Instructions to follow
Transcription, pictures excluded: write out the data below exactly.

Given information
——

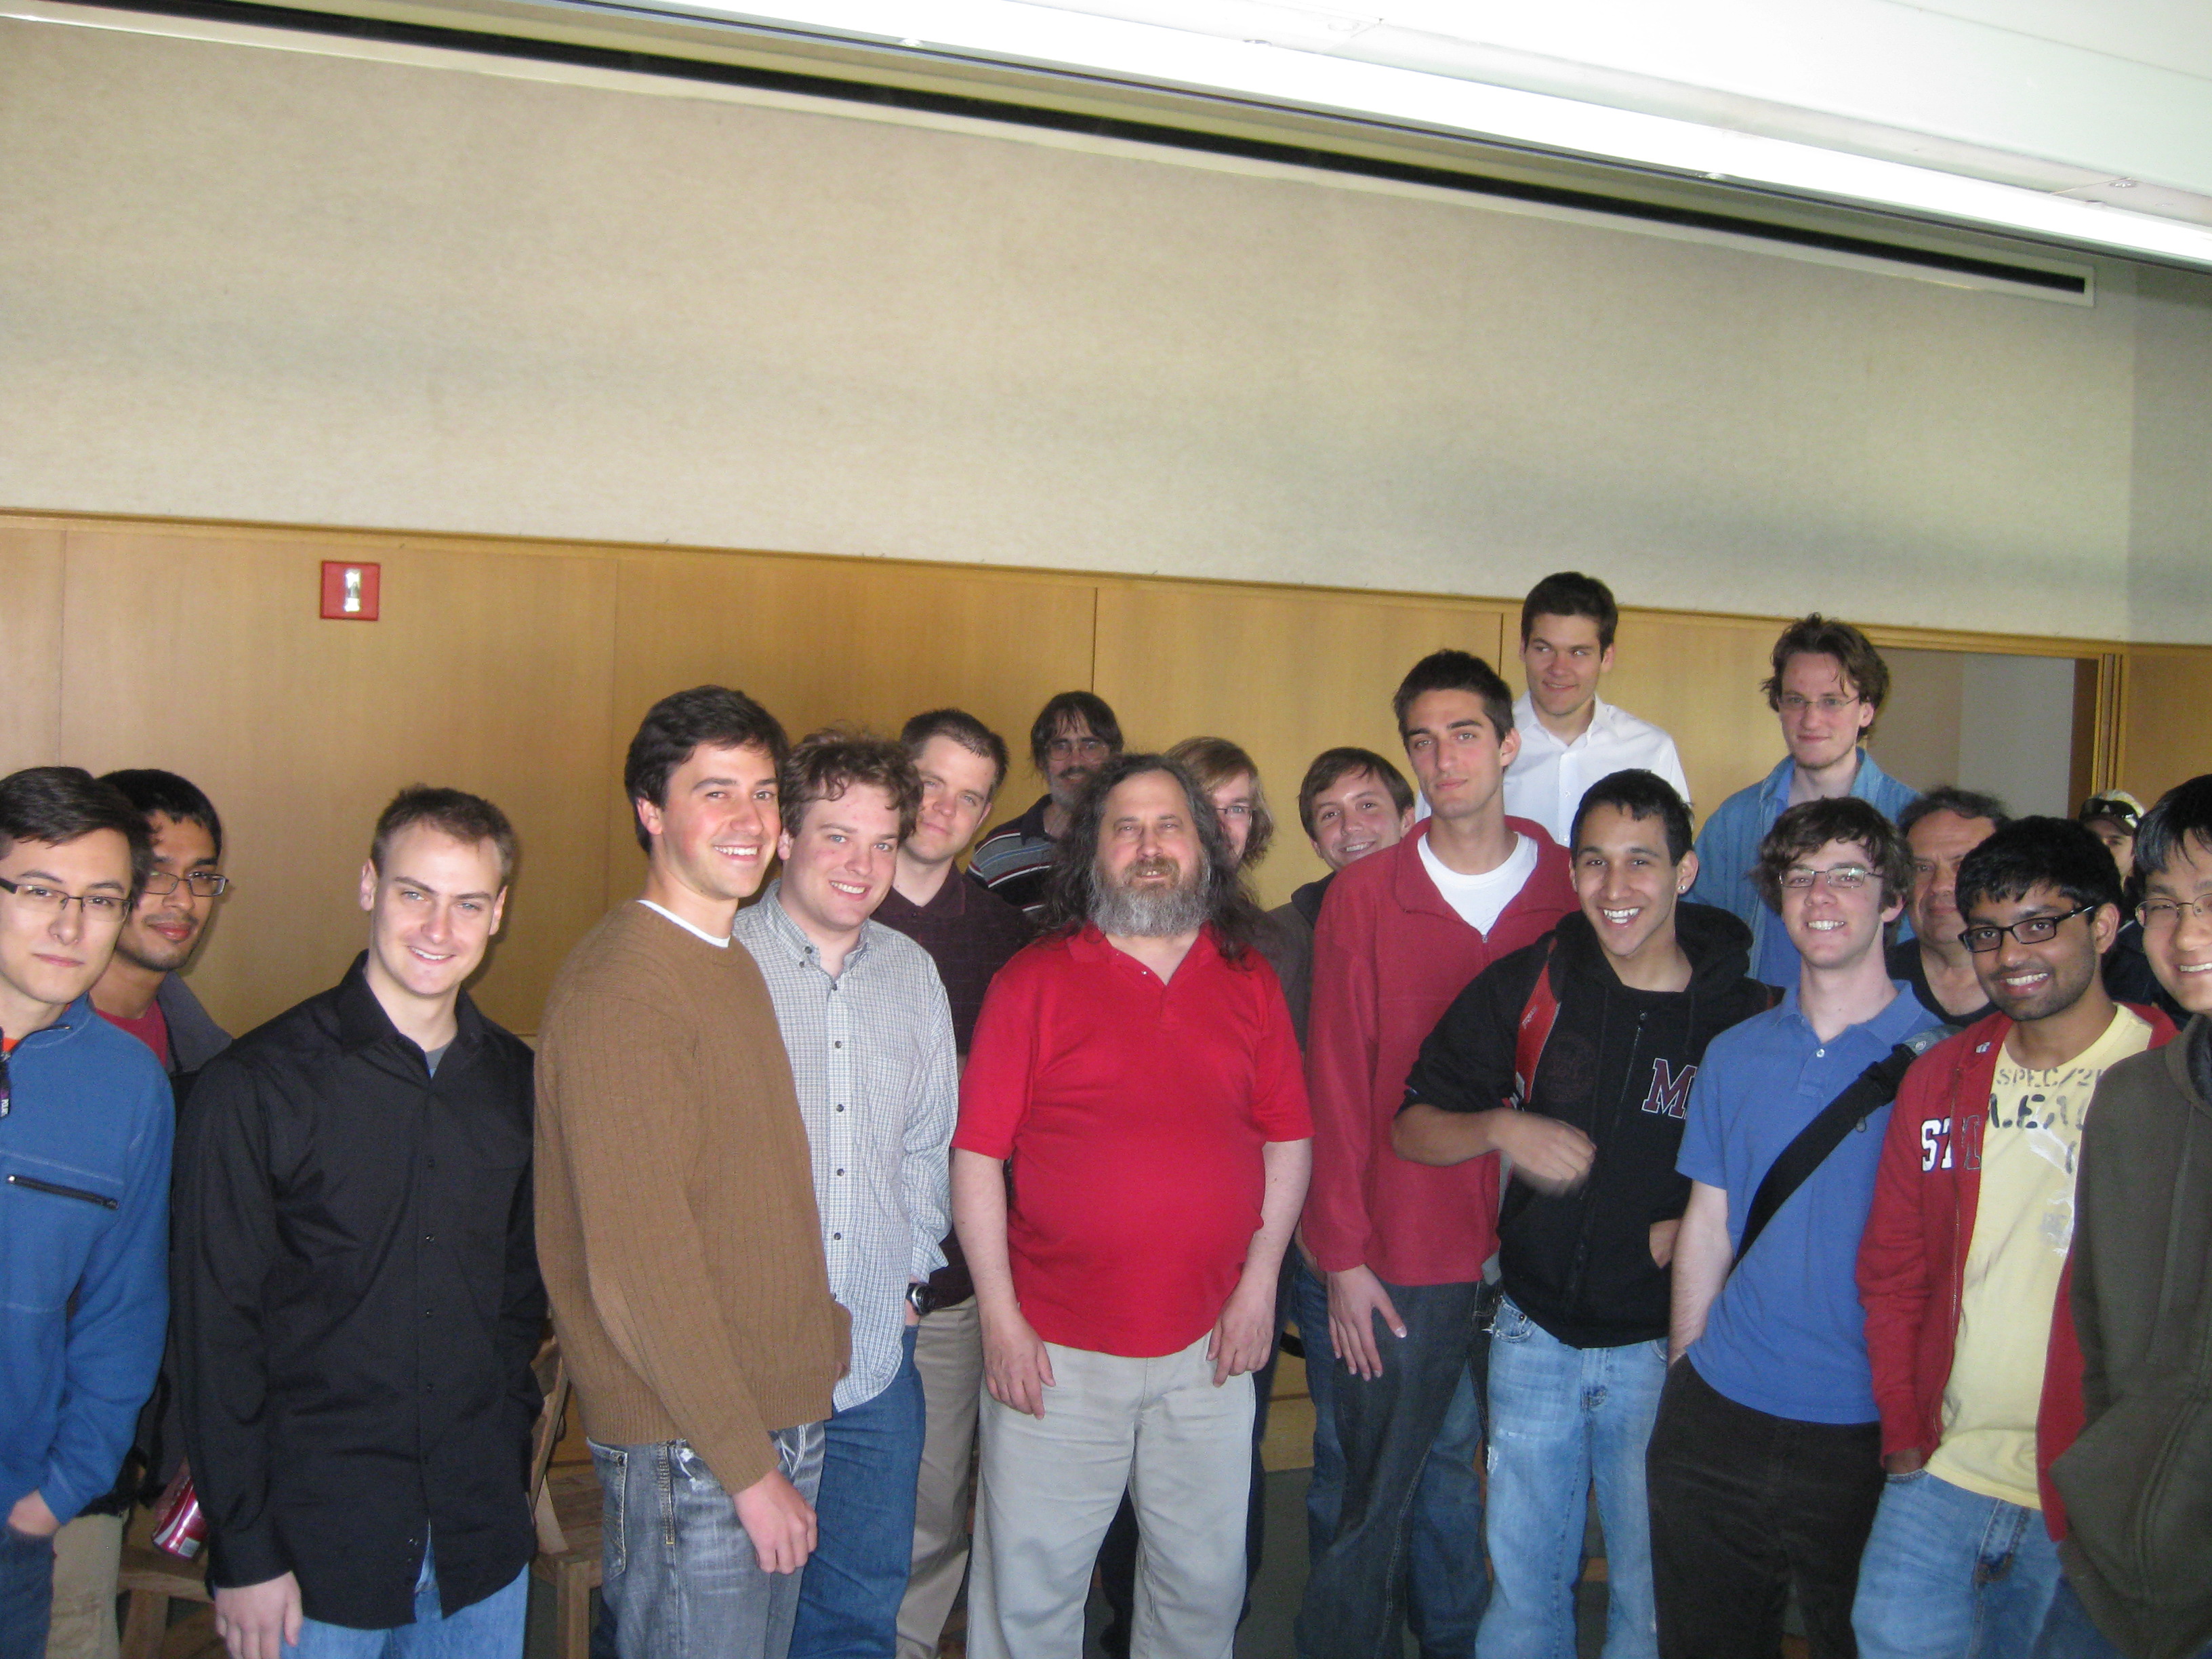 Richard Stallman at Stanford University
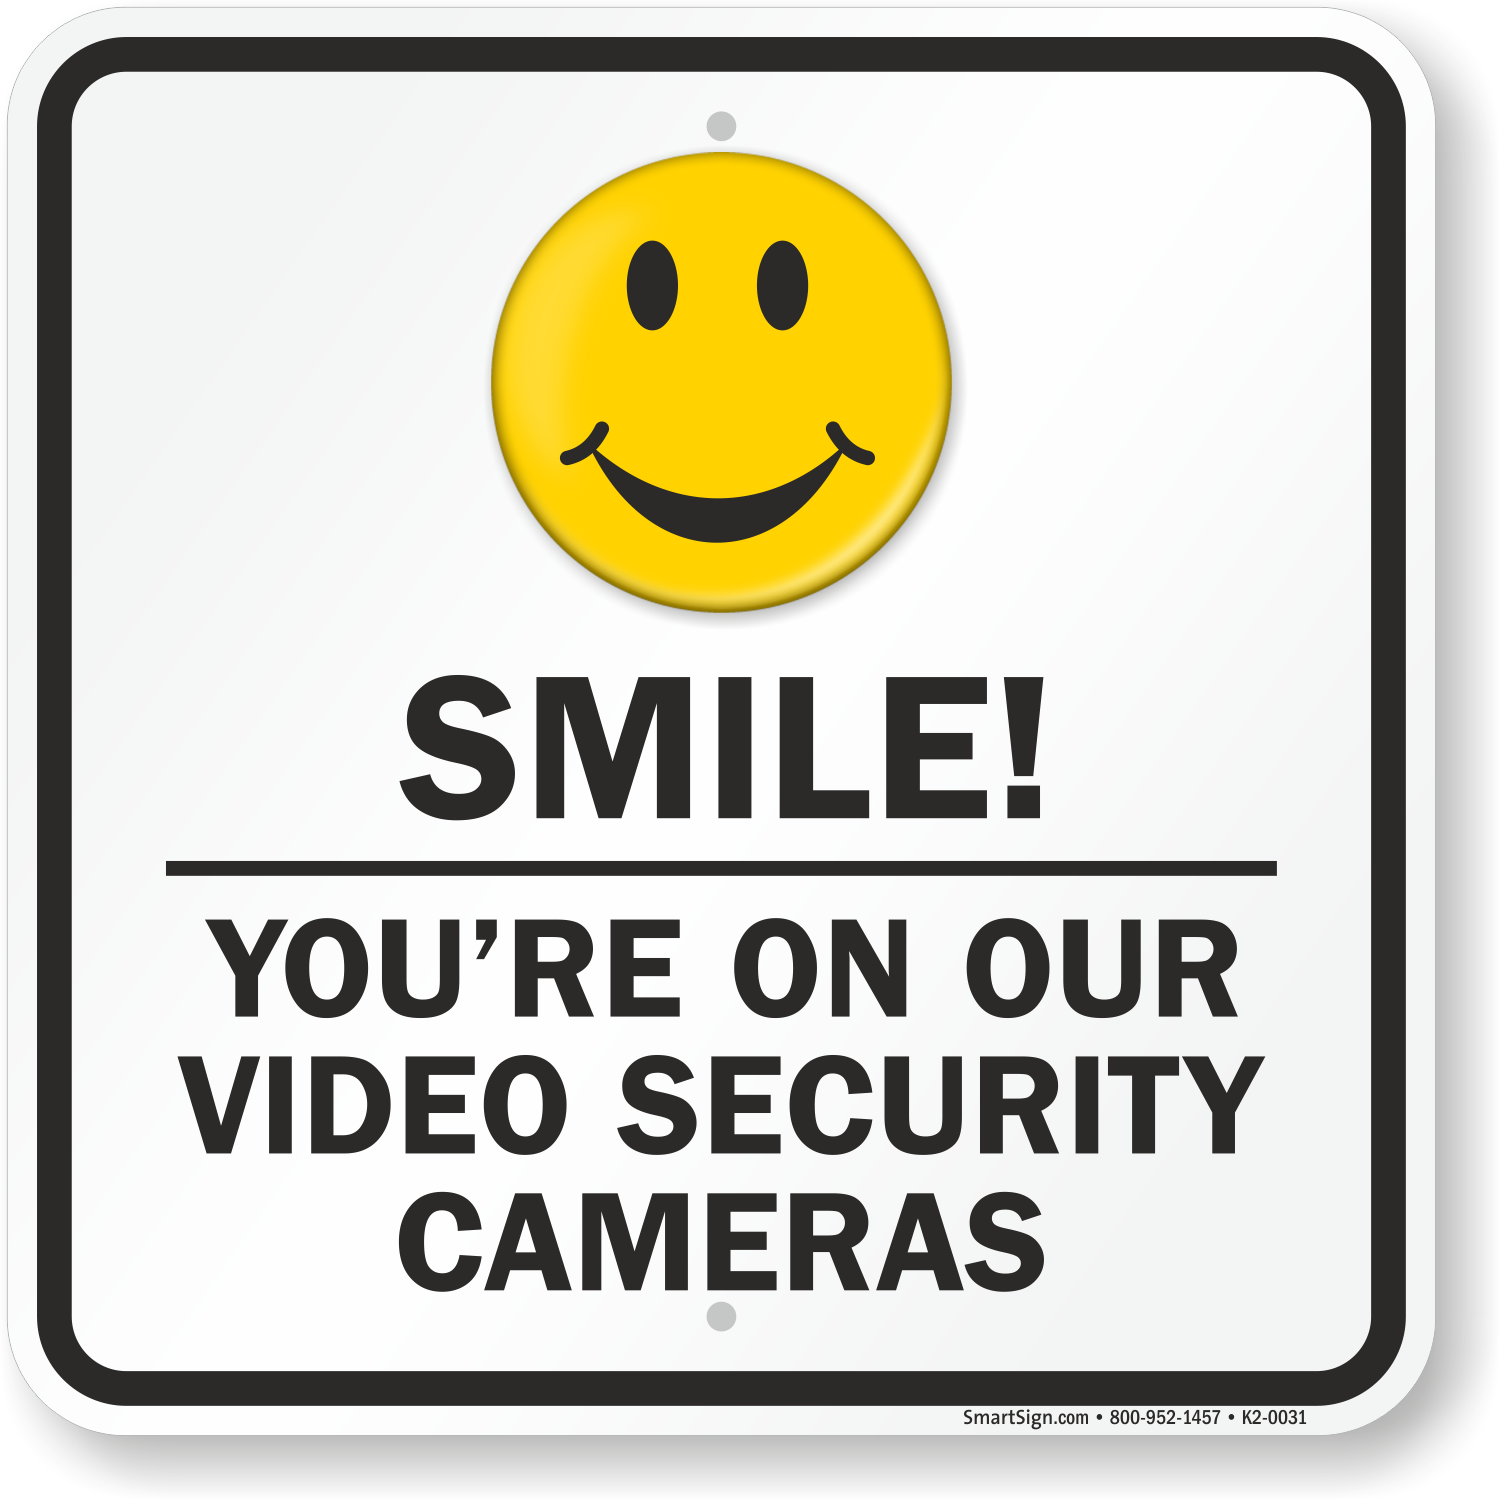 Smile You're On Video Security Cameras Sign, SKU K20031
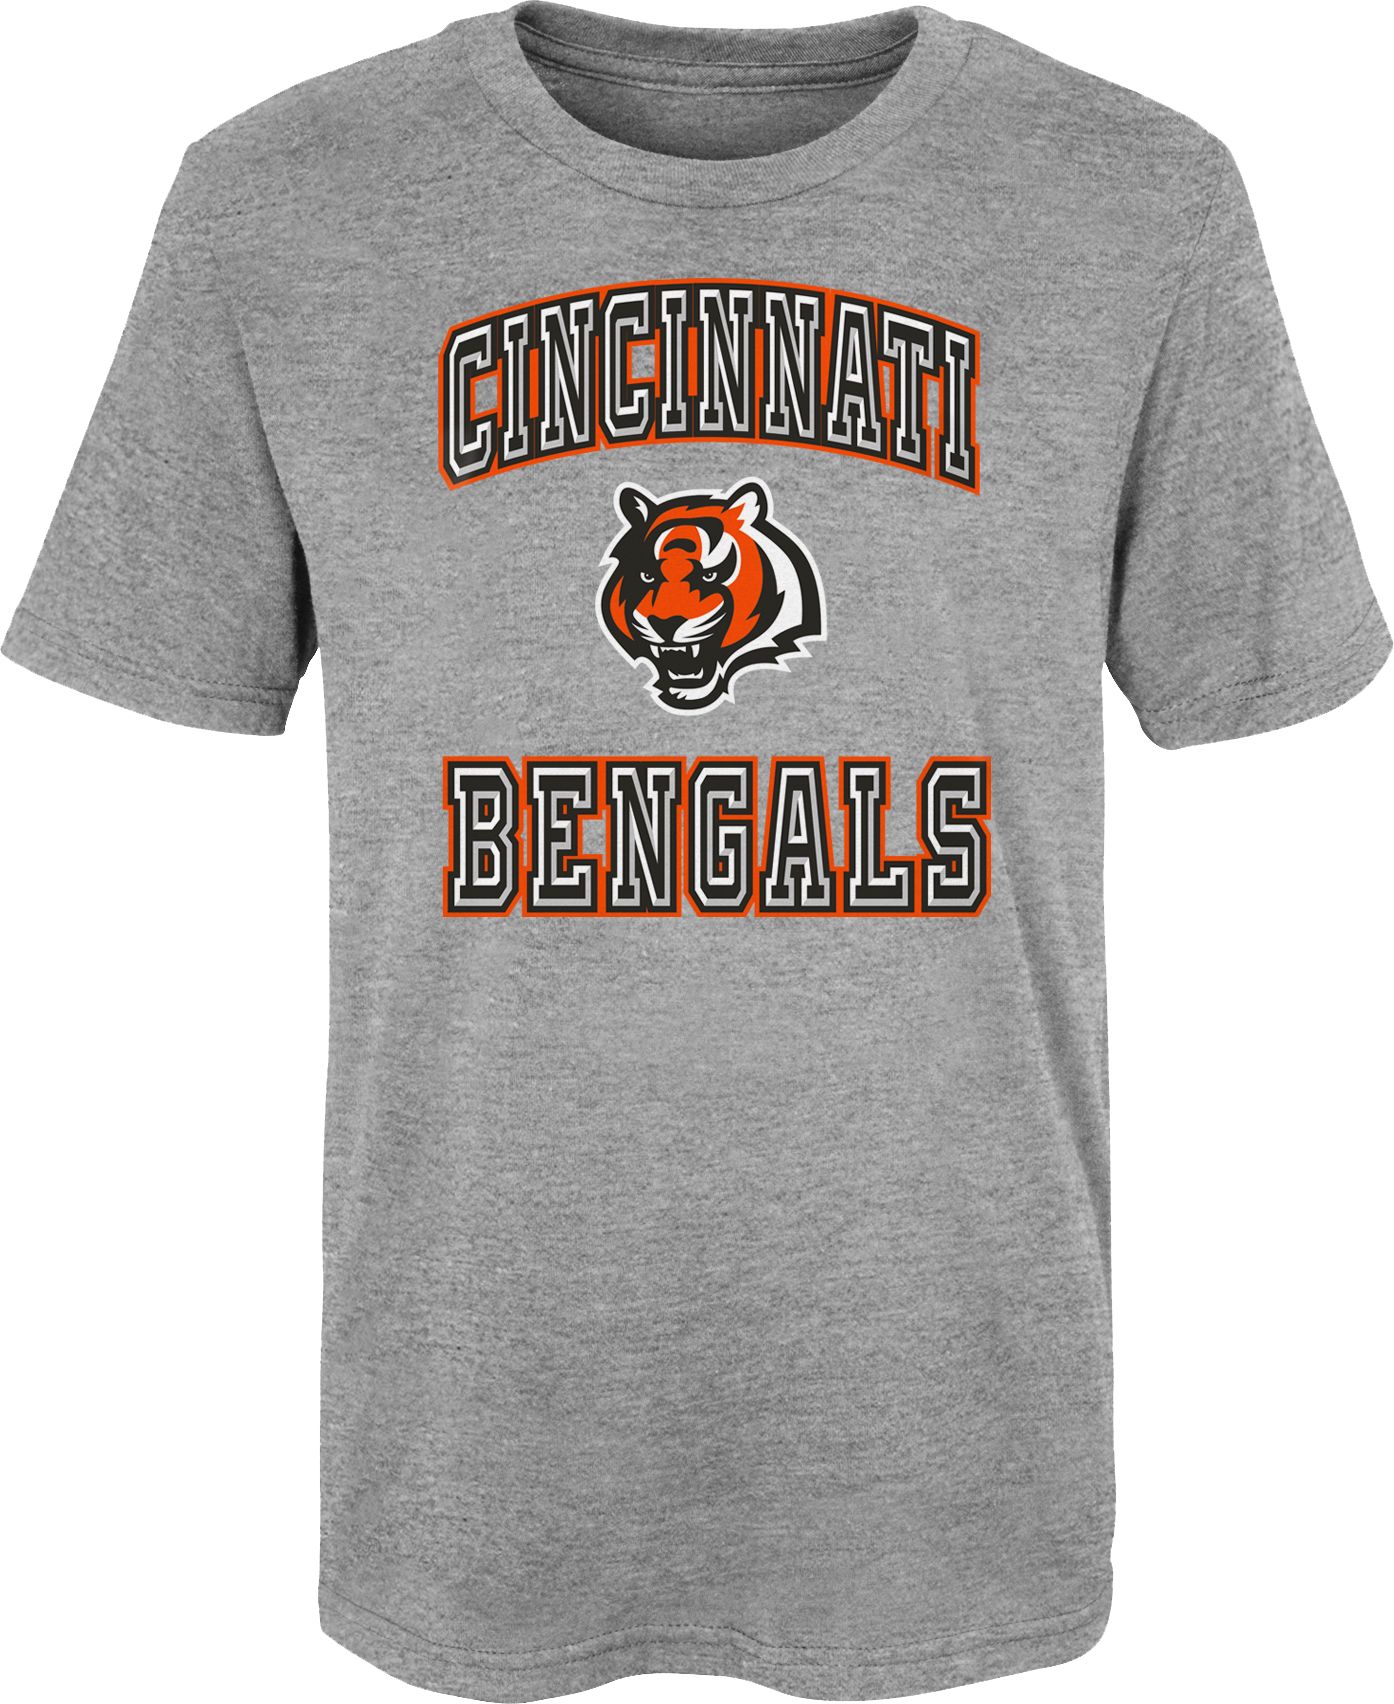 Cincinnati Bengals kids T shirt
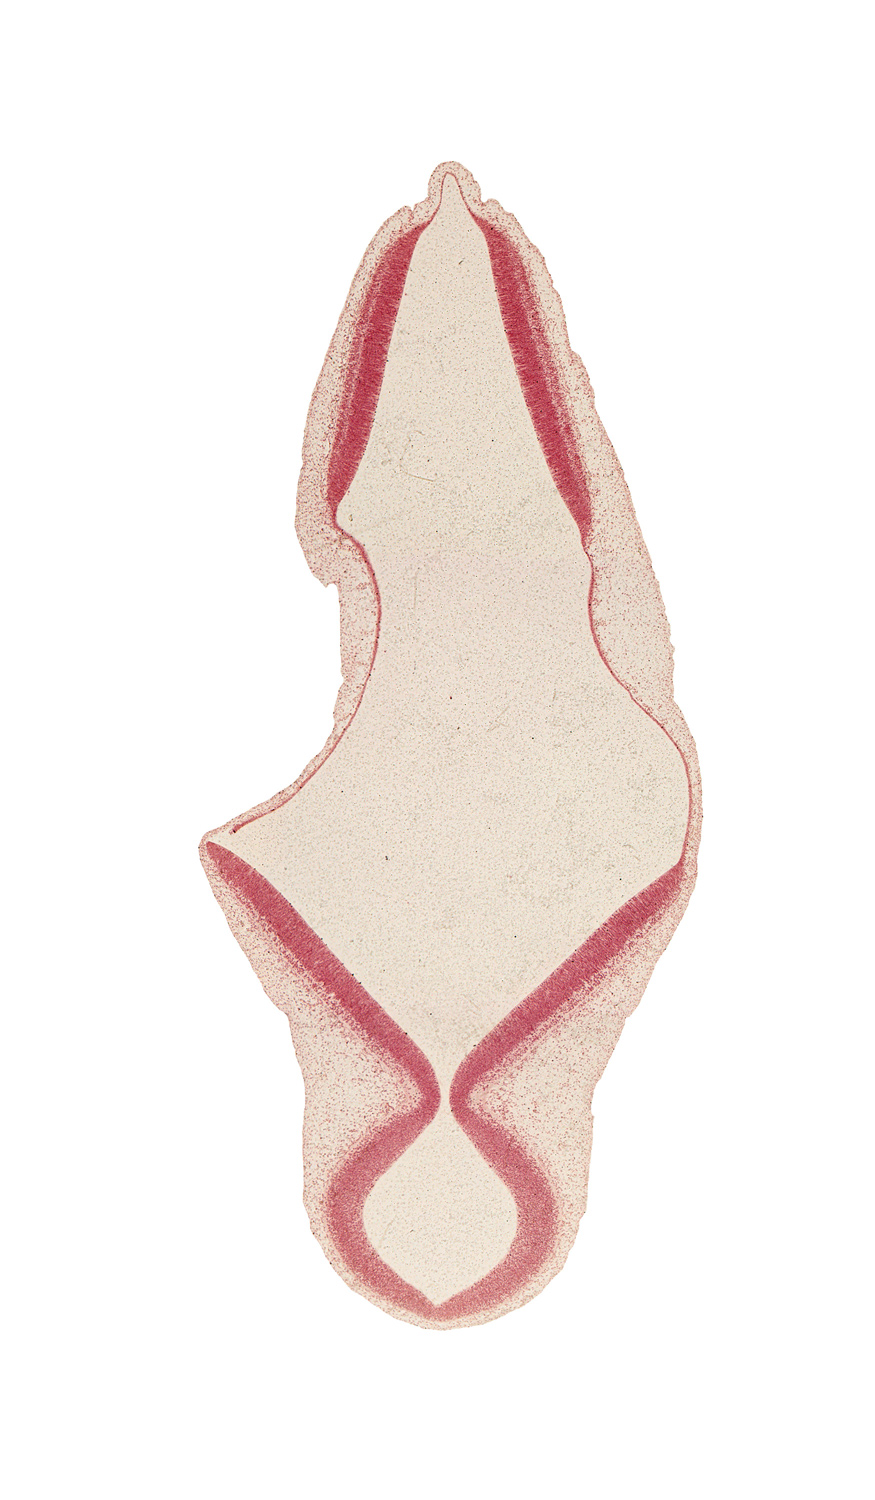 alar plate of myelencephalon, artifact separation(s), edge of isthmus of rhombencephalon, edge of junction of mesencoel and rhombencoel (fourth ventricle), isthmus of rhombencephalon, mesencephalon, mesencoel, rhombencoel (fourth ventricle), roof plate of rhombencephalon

——

Finished task
 Richard Stallman at Stanford University
 Smile You're On Video Security Cameras Sign, SKU K20031
 Cincinnati Bengals kids T shirt
 alar plate of myelencephalon, artifact separation(s), edge of isthmus of rhombencephalon, edge of junction of mesencoel and rhombencoel (fourth ventricle), isthmus of rhombencephalon, mesencephalon, mesencoel, rhombencoel (fourth ventricle), roof plate of rhombencephalon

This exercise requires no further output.